Morty scours the memories around him to replace the ones he lost, but he is displeased with the truth he finds and convinces Rick that they should kill themselves. Summer enters the room moments before they commit suicide. At this point, it is revealed that Rick has a contingency plan in place for an occasion such as this. Following written instructions, Summer tranquilizes Rick and Morty, restores their memories, and drags them to the living room, placing them on the couch. Then Summer administers smelling salts to revive Rick and Morty.
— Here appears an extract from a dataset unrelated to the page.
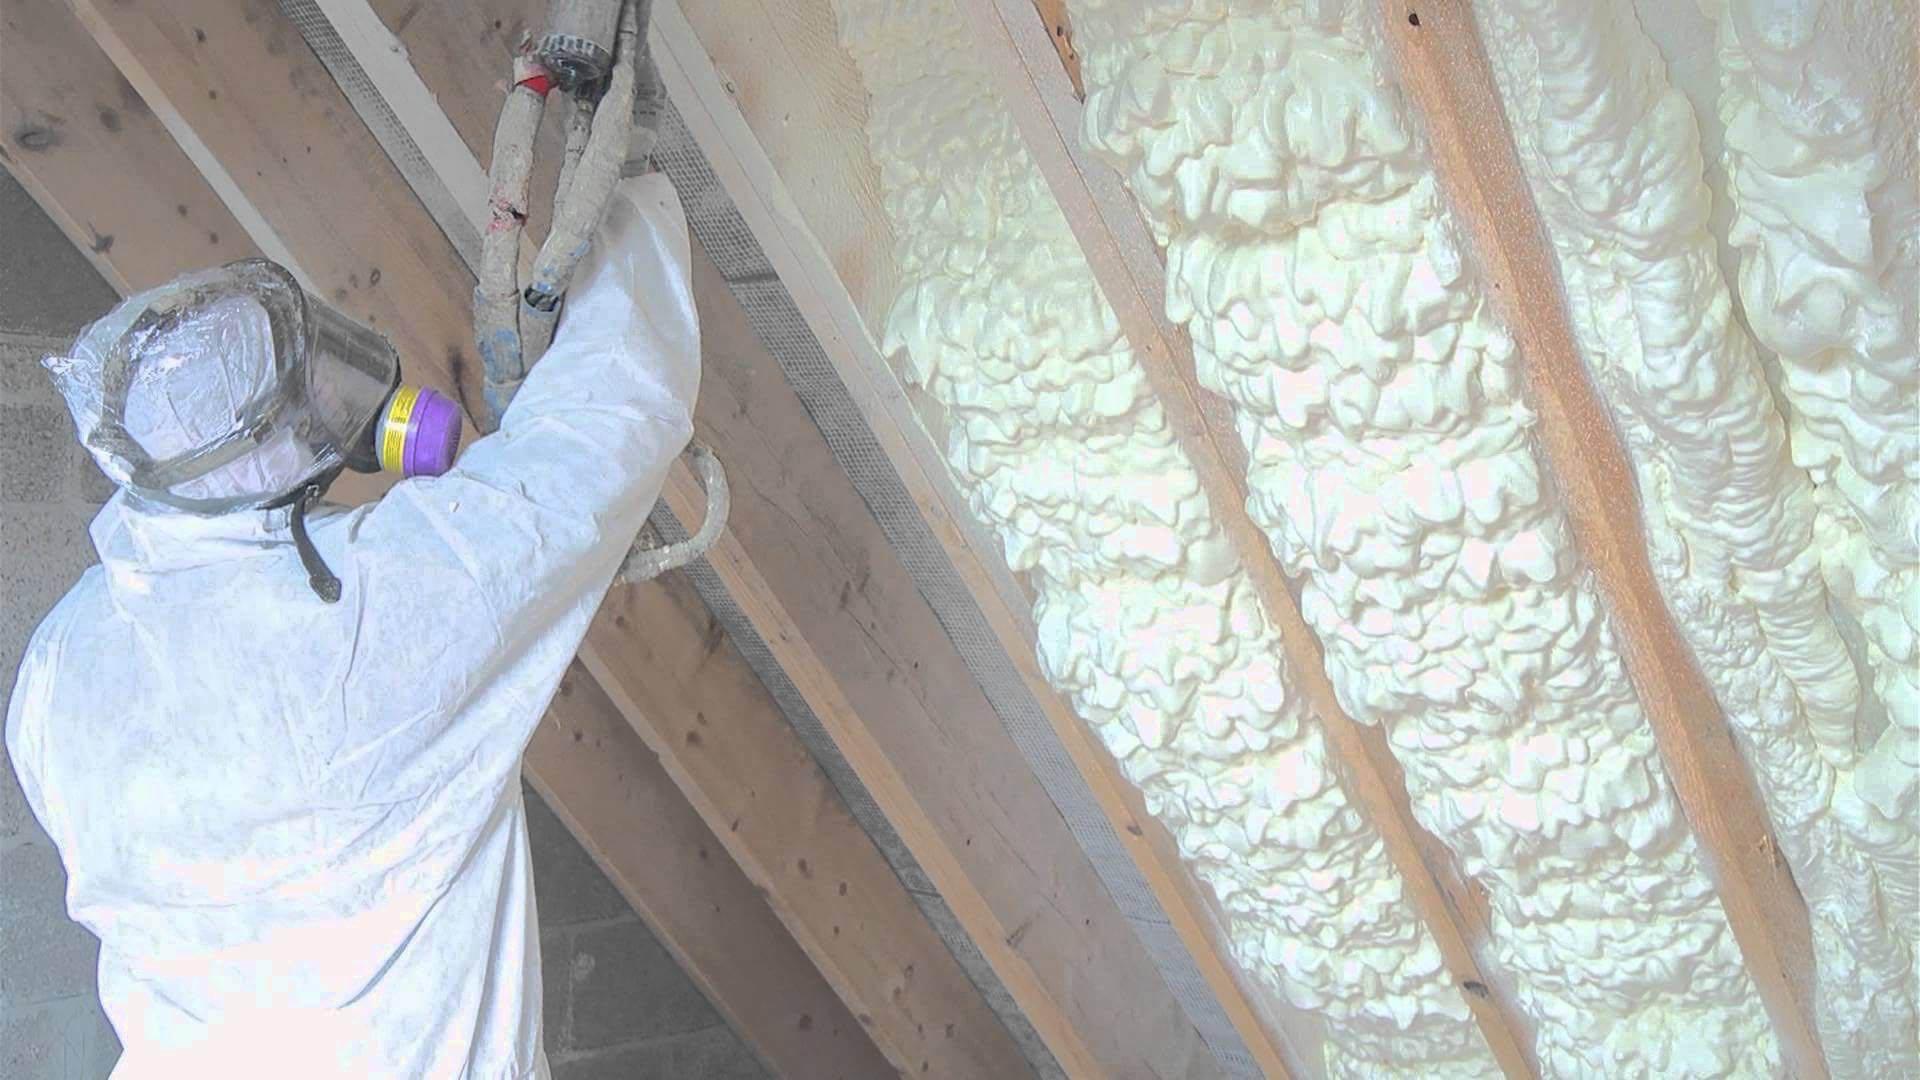 Icynene Sales Spray Foam Insulation From Carrington

As they wake up, they're both angry at Summer, believing she allowed them to sleep through several shows on "Interdimensional Cable." In the post-credits scene, Jerry discovers a box labeled "Jerry's Mind Blowers", which contains a memory reminiscent of E.T. the Extra-Terrestrial where Jerry is accidentally responsible for the death of an alien.

== Production ==
The title of "Morty's Mind Blowers" was announced on August 28, 2017. The episode's writing and directorial credits were revealed upon its airing to be Bryan Newton as episode director, and Mike McMahan, James Siciliano, Ryan Ridley, Dan Guterman, Justin Roiland, and Dan Harmon as writers. The series' writers posted on Twitter on September 18, 2017, a day after the airing of the episode, that they had initially come up with "about a hundred mind blowers, then had to narrow it down and vote, then still wrote more."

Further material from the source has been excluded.